Here is an attempt to find the solution to your problem

Document doc = Jsoup.connect("http://mobilereviews.net/details-for-Motorola%20L7.htm").get();

for (Element table : doc.select("table[id=phone_details]")) {
     for (Element row : table.select("tr:gt(2)")) {
        Elements tds = row.select("td:not([rowspan])");
        System.out.println(tds.get(0).text() + "->" + tds.get(1).text());
     }
}

Parsing the HTML is tricky and if the HTML changes your code needs to change as well.

You need to study the HTML markup to come up with your parsing rules first.

  • There are multiple tables in the HTML, so you first filter on the correct one table[id=phone_details]
  • The first 2 table rows contain only markup for formatting, so skip them tr:gt(2)
  • Every other row starts with the global description for the content type, filter it out td:not([rowspan])

For more complex options in the selector syntax, look here http://jsoup.org/cookbook/extracting-data/selector-syntax

Solution 3

this is how i get the data from a html table.
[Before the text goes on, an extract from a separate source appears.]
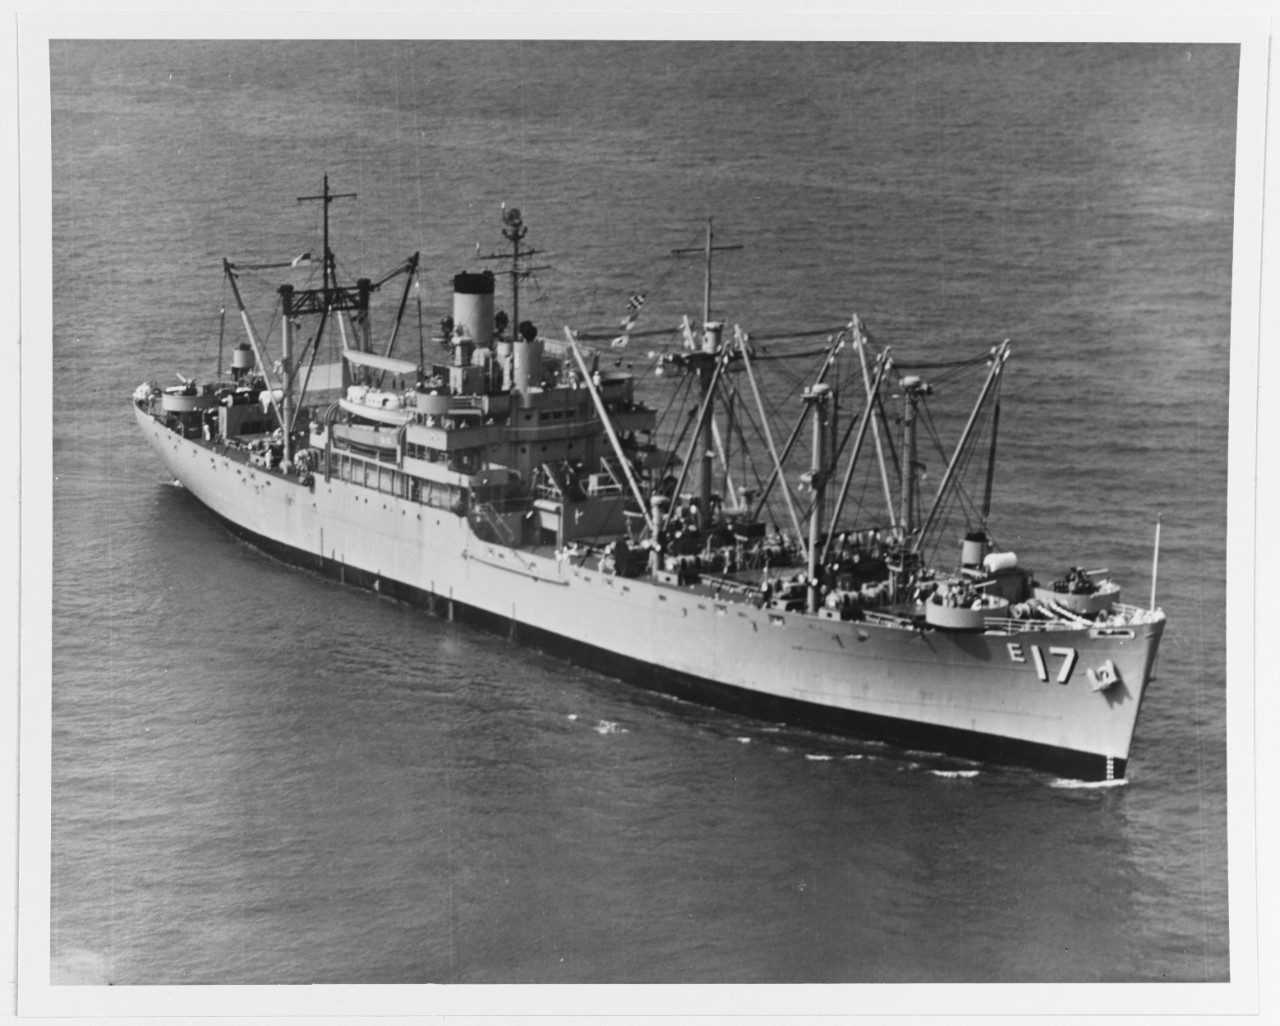 USS GREAT SITKIN (AE-17)

org.jsoup.nodes.Element tablaRegistros = doc
                    .getElementById("tableId");
for (org.jsoup.nodes.Element row : tablaRegistros.select("tr")) {
                for (org.jsoup.nodes.Element column : row.select("td")) {
                    // Elements tds = row.select("td");
                    // cadena += tds.get(0).text() + "->" +
                    // tds.get(1).text()
                    // + " \n";
                    cadena += column.text() + ",";
                }
                cadena += "\n";
            }

Solution 4

Here is a generic solution to extraction of table from HTML page via JSoup.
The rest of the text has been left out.